Within this broad definition, cardiomyopathies are usually associated with failure of myocardial performance, which may be mechanical (eg, diastolic or systolic dysfunction) or as a primary electrical dysfunction prone to life-threatening arrhythmias. The ion channelopathies (long and short QT, Brugada syndromes, and catecholaminergic polymorphic ventricular tachycardia, among others) are primary electrical diseases without gross or histopathologic abnormalities in which the functional and structural myocardial abnormalities responsible for arrhythmogenesis are at the molecular level in the cell or sarcoplasmic membranes themselves. The basic pathologic abnormality in these diseases is not identifiable by either conventional noninvasive imaging or myocardial biopsy during life, or even by electron microscopic or autopsy examination of tissue.
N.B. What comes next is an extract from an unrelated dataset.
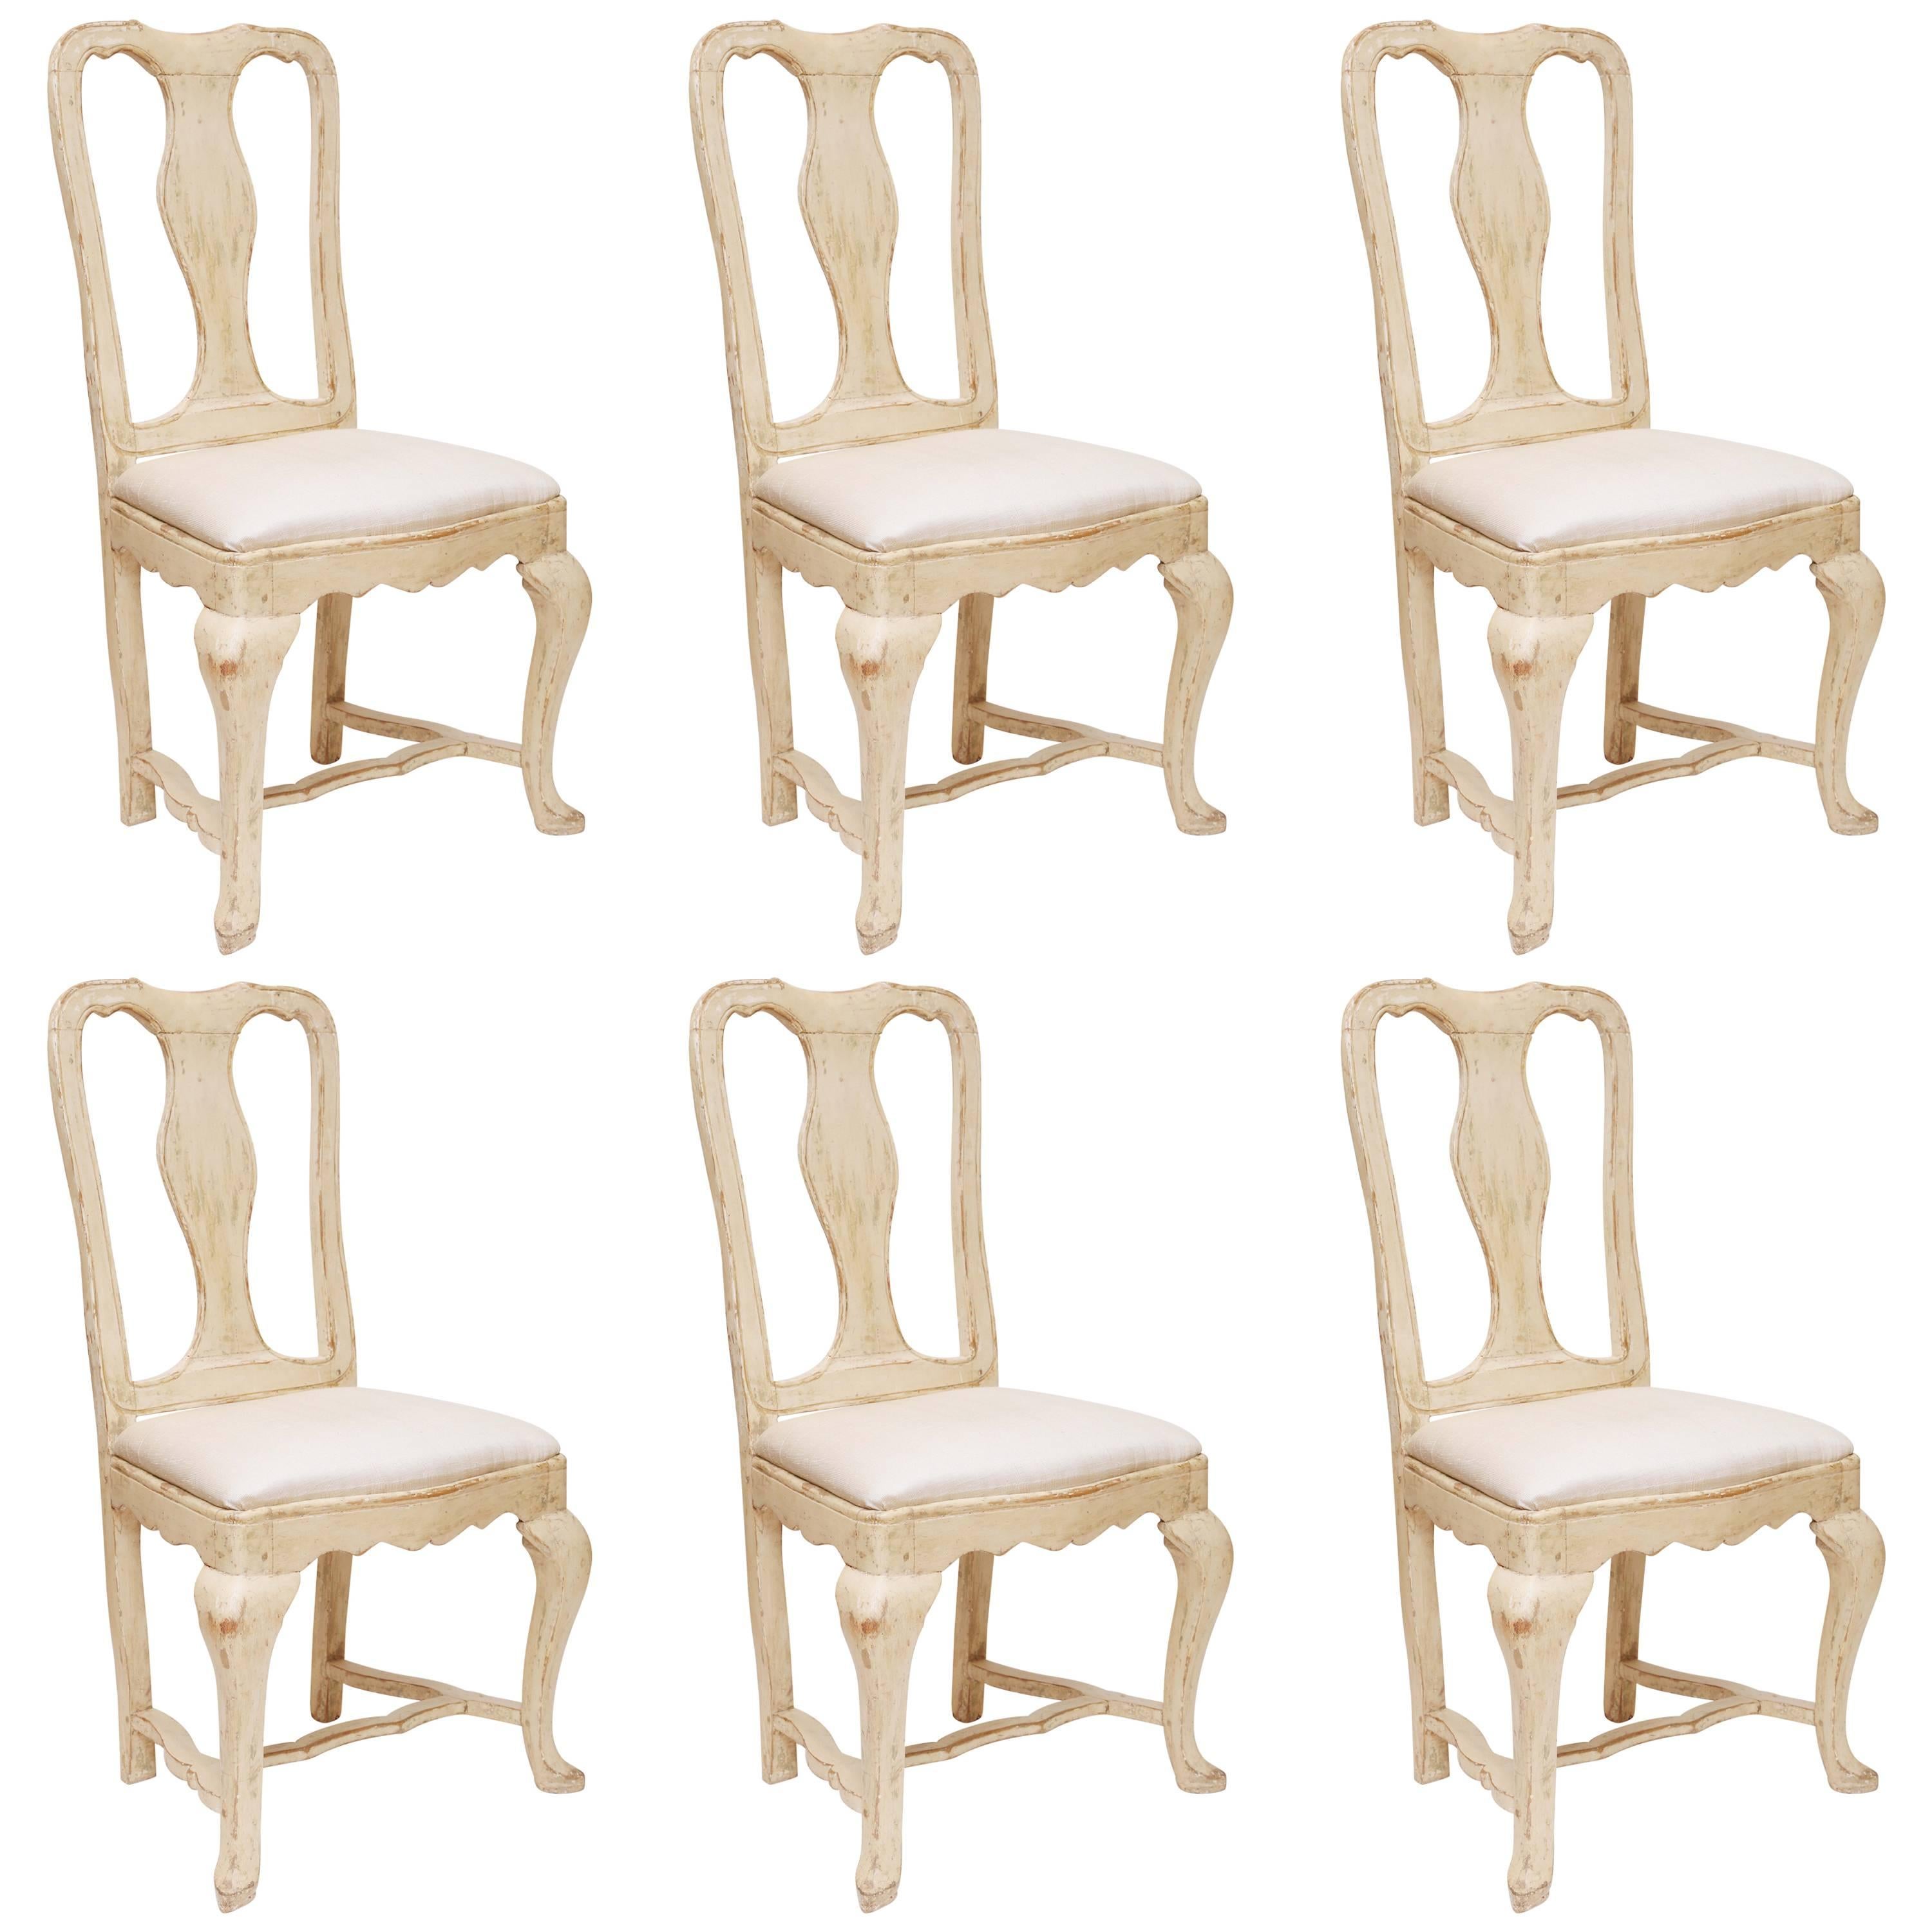 Set of Six Swedish Gustavian Period Dining Chairs

The ion-channelopathies are included in this classification of cardiomyopathies based on the scientifically reasonable (but largely hypothetical) assertion that ion channel mutations are responsible for altering biophysical properties and protein structure of the cardiomyocyte, thereby creating structurally abnormal ion channel interfaces and architecture with electrical dysfunction. Consequently, the classification represents a distinct and major departure from prior efforts, and is predicated on the view that causative mutations in genes encoding proteins regulating the transport of ions such as sodium, potassium, and calcium across the cell membranes are ultimately responsible for a structural disease state which triggers primary life-threatening ventricular tachyarrhythmias.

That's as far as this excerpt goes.